Nagorno-Karabakh
Moscow’s timid response in the disputed Nagorno-Karabakh region in 2020 allowed the conflict between Azerbaijan and Armenia to run its course. The settlement returned a lot of disputed territories to Baku, despite Armenia’s membership in the Collective Security Treaty Organization, the military alliance led by Russia. The Kremlin-brokered peace agreement between Armenia and Azerbaijan in November 2020, following a conflict over the disputed territory of Nagorno-Karabakh, cemented Moscow’s leverage over both countries.
Nagorno-Karabakh is an ethnic Armenian enclave inside Azerbaijan. The confrontation over Nagorno-Karabakh broke out in 1988 when the region, mostly populated by Armenians, sought independence from Azerbaijan and announced its intention to join Armenia. For Moscow, Azerbaijan is the prize and Armenia is the tool for achieving that. Azerbaijan’s geopolitical location and rich oil resources are what interest the Kremlin.

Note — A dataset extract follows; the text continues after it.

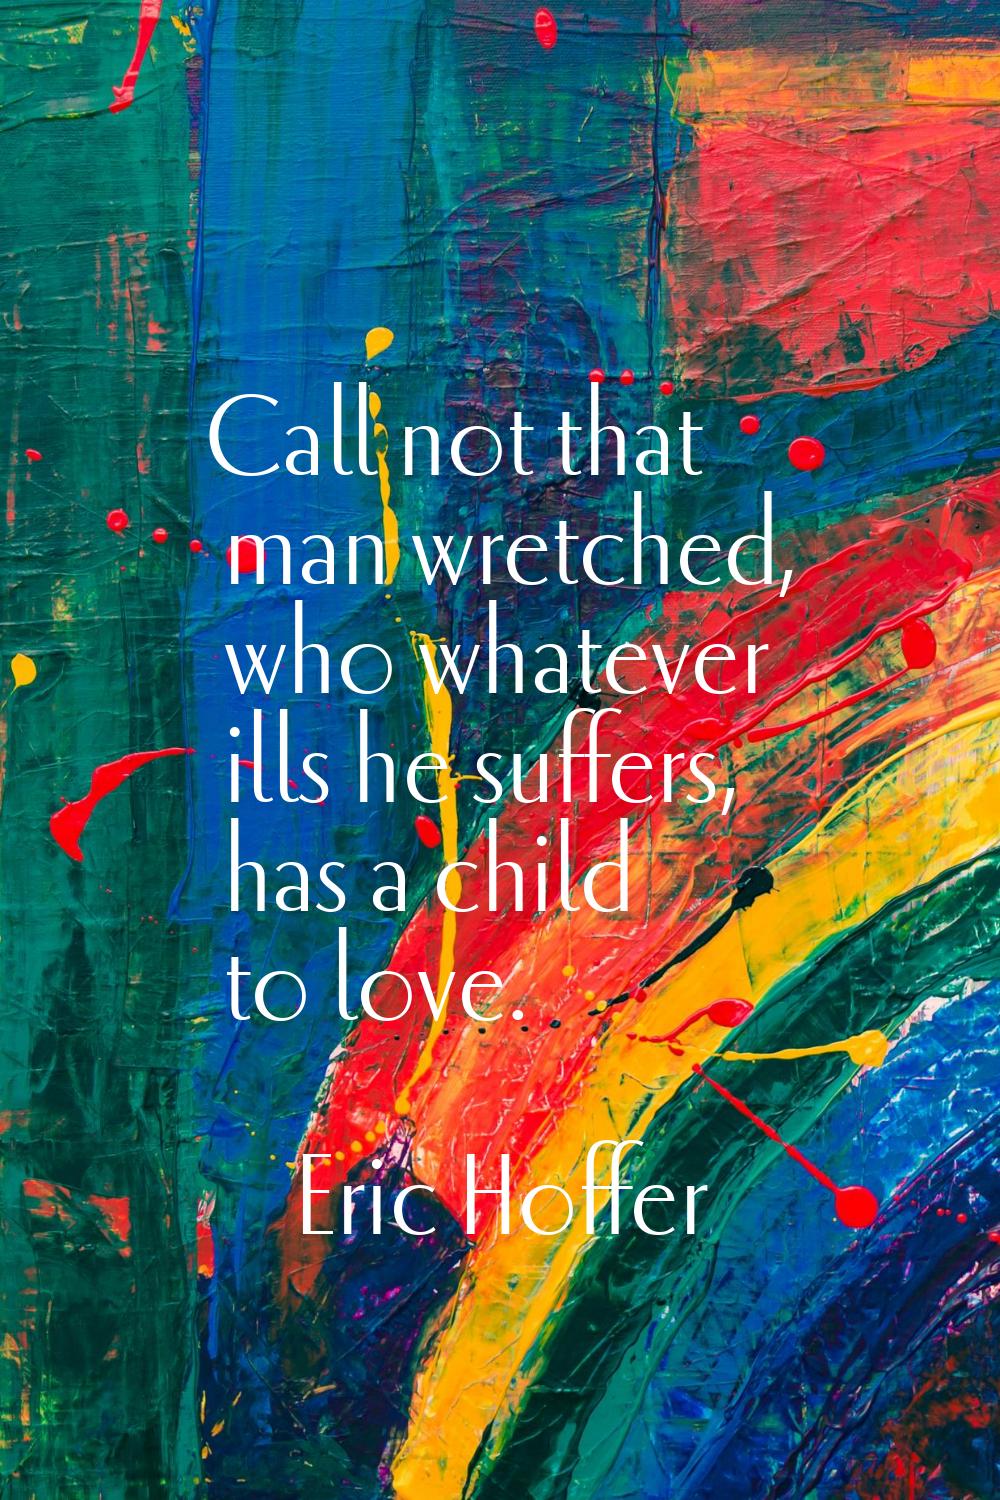 Call not that man wretched, who whatever ills he suffers, has a child to love.

The Karabakh conflict evolved from communal unrest in 1988-1990 and small-scale civil war involving rag-tag militias and irregular units in 1991 to an all-out war between two newly established states in 1992-1994. In 1991, the Nagorno-Karabakh Republic was founded. Azerbaijan tried to regain control over the territory. The landlocked region declared independence in 1992, and the conflict escalated into a full-scale war in which around 30,000 people were killed.
When Baku inherited an underfunded and dispirited military force from the Soviet Era, it was not able to stop Armenia. Such a defeat and the subsequent loss of territories left a deep wound in Azerbaijan’s common consciousness. Without addressing this wrong, Azerbaijan’s state identity was always deemed incomplete. Also, Baku dealt with a massive humanitarian catastrophe as hundreds of thousands of displaced persons moved from Nagorno-Karabakh and surrounding districts to Azerbaijan.
Oil-producing Azerbaijan frequently threatened to take the mountainous Nagorno-Karabakh region back by force from the much weaker Armenia. Armenia has not yet implemented the UN Security Council's four resolutions on withdrawal of its armed forces from the Nagorno-Karabakh and the surrounding districts. Clashes around the region have fueled worries of a wider conflict breaking out in the South Caucasus, which is crossed by oil and gas pipelines. The two sides are separated by a demilitarized buffer zone, but each side accuses the other of numerous violations.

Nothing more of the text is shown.